Elle était comme ça. Elle sonnait souvent en pleine nuit à ma porte, j'ouvrais et je la trouvais là, les yeux grands ouverts. Elle semblait effrayée, je l'invitais à entrer, posais mes bras autour de son cou et alors elle se mettait à pleurer de façon incontrôlée. Je m'asseyais sur le canapé, elle s'allongeait et posait la tête sur mes genoux. Elle pleurait en silence et j'ignorais pourquoi. Quand elle se calmait, je me levais et je préparais un thé, puis nous discutions de longues heures.

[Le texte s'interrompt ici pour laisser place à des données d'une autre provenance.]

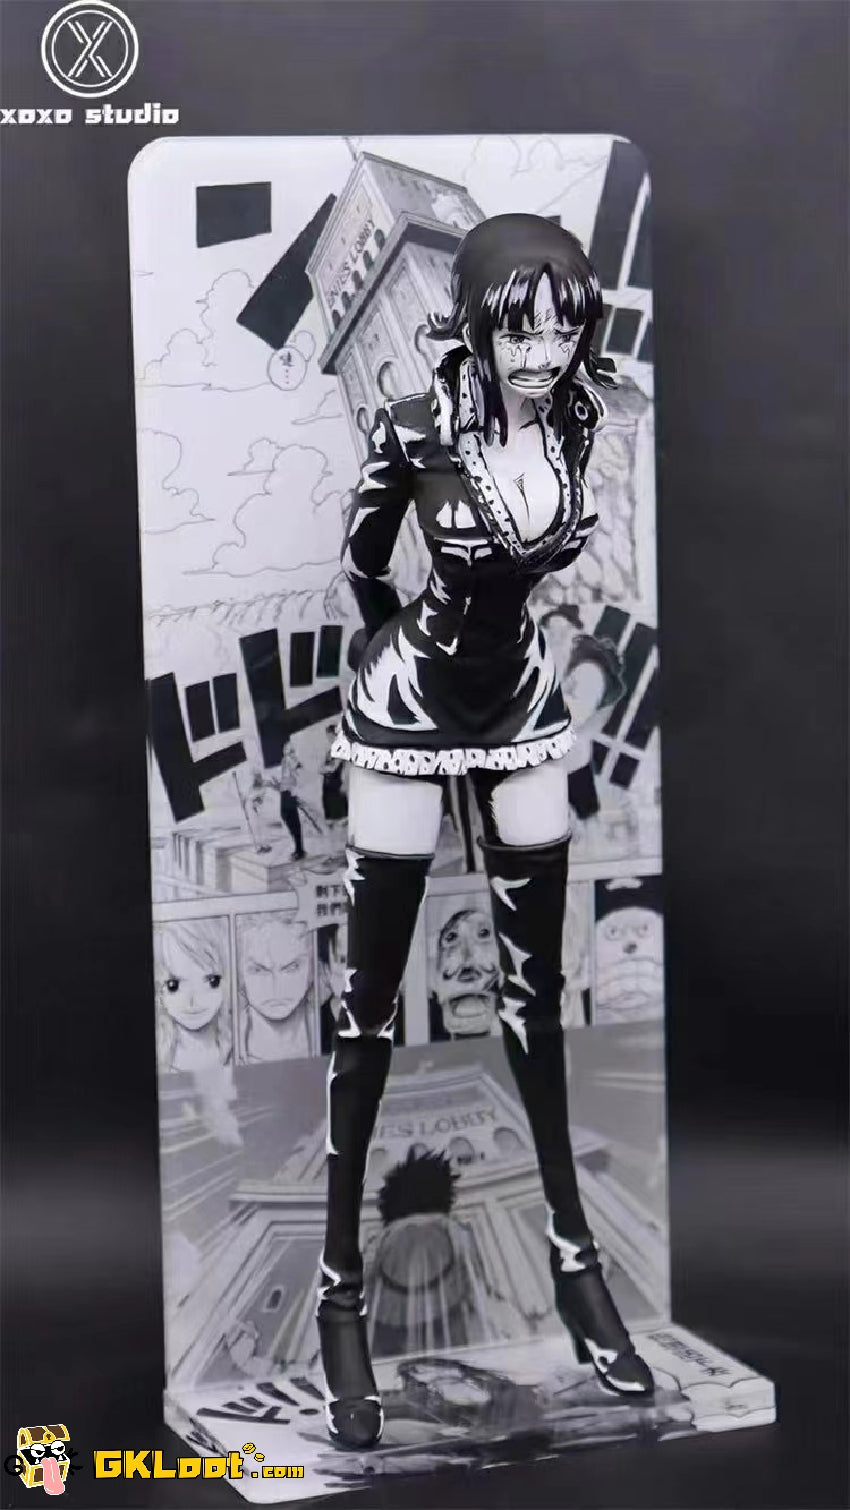 [Out of stock] Xoxo studio One Piece Black & White Manga Series Nico Robin Statue

Elle avait soudain été prise de panique, mal au cœur, mal au ventre, besoin d'air. Sans raison apparente. Alors elle avait marché jusque chez moi. Je lui avais plusieurs fois proposé de prendre le double des clés de mon appartement, mais elle avait toujours refusé. J'avais dit ce sera plus pratique pour toi, tu n'auras qu'à ouvrir la porte et me retrouver dans mon lit. Nous discuterons là bas, ou mieux tu pourras t'endormir directement à côté de moi. Elle avait toujours refusé. Je veux te laisser ton intimité. C'est ce qu'elle disait mais ça me paraissait insensé puisque de plus en plus souvent, elle arrivait en panique chez moi, complètement perdue, au milieu de la nuit.Un jour, nous étions ensemble sur son canapé, quand elle me prit soudainement le bras. Elle avait plongé ses yeux dans les miens, et il y avait une lueur qui brillait au fond de ses pupilles. Elle a dit "Mat, emmène-moi au cinéma, je veux voir ce nouveau dessin animé!" En souriant. J'ai accepté. Que pouvais-je faire de toute façon ? Elle demandait quelque chose et j'exécutais aussitôt.
La salle était remplie de familles et de jeunes enfants. Ça sentait fort le popcorn et je détestais ça mais j'aurais tout supporté pour voir son sourire illuminer son visage. La salle d'un coup est tombée dans le noir et elle m'a agrippé le bras.
Dans la salle ont résonné des rires d'enfants, et elle s'est détendue petit à petit, elle a posé sa tête sur mon épaule et a lâché l'étreinte. Et malgré l'obscurité je l'ai sentie sourire.
La présence des enfants lui était très agréable et, régulièrement, elle me traînait dans les parcs au moment de la sortie d'école, elle m'entraînait au cinéma voir des films pour enfants.
Je crois qu'elle cherchait à retrouver une forme d'insouciance, d'innocence perdue plusieurs années auparavant. Elle cherchait à se faire emporter chaque fois, par la vague de l'enfance, et pourtant chaque fois ne subsistaient que ses peurs et ses angoisses.